---- INPUT

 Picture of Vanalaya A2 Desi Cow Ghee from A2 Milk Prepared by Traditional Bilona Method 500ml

--------
---- INPUT

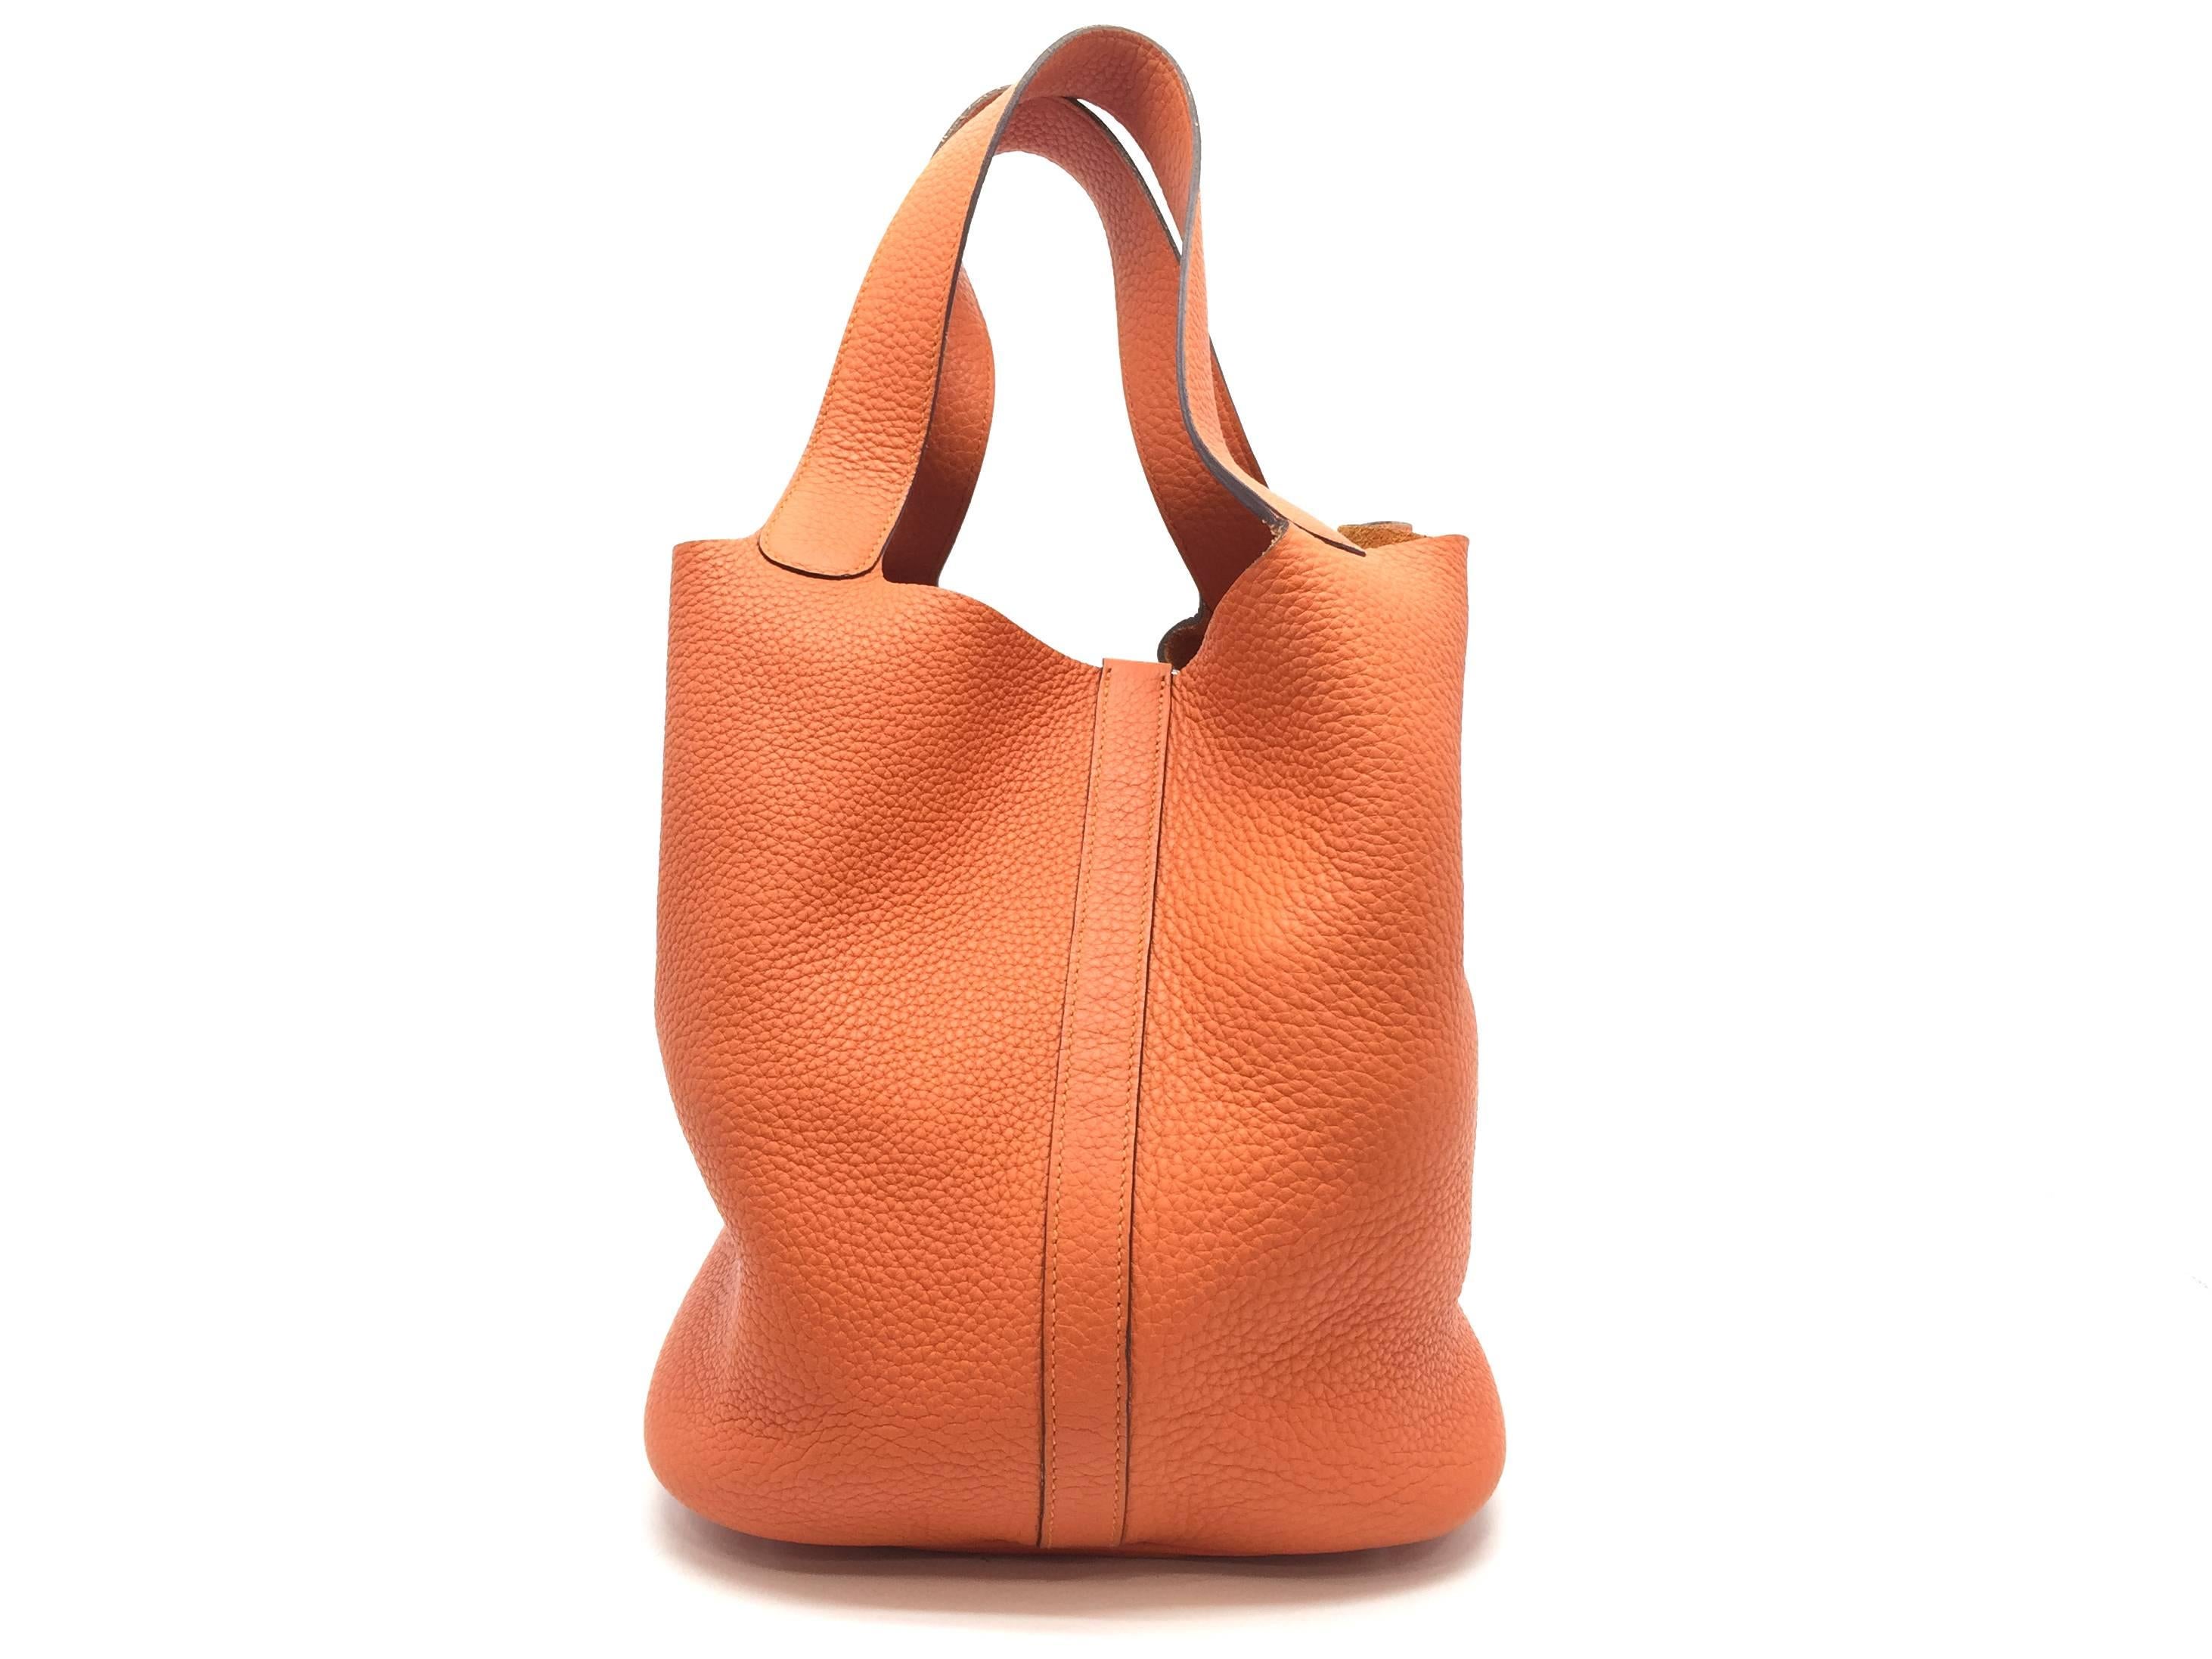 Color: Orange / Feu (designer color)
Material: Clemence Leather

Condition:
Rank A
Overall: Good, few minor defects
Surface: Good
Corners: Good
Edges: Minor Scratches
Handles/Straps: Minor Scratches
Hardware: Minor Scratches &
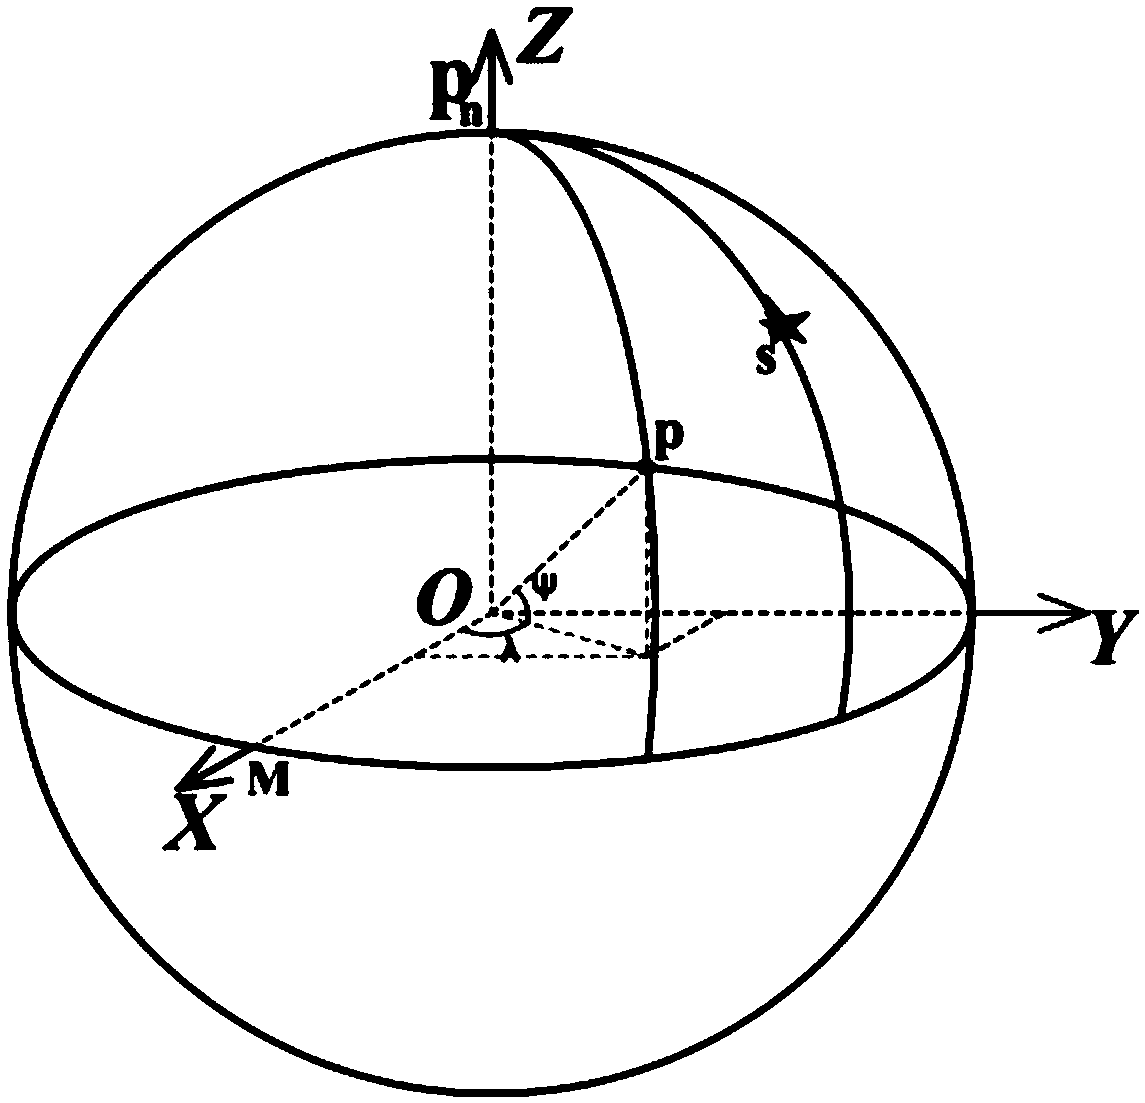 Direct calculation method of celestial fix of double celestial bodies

--------
---- INPUT

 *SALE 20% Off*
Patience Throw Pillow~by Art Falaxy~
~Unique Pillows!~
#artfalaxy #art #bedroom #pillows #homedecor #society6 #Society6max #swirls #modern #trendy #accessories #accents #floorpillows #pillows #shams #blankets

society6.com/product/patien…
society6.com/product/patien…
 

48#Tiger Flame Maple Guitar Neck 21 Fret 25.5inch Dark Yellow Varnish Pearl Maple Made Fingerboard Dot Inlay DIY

--------

* DIRECTIONS: Every line above in the stretch from the one with "Edges: Minor Scratches" through the one with "Direct calculation method" is to be transcribed exactly, ends included. No picture is copied.

* ANSWER SECTION:
Edges: Minor Scratches
Handles/Straps: Minor Scratches
Hardware: Minor Scratches &
 Direct calculation method of celestial fix of double celestial bodies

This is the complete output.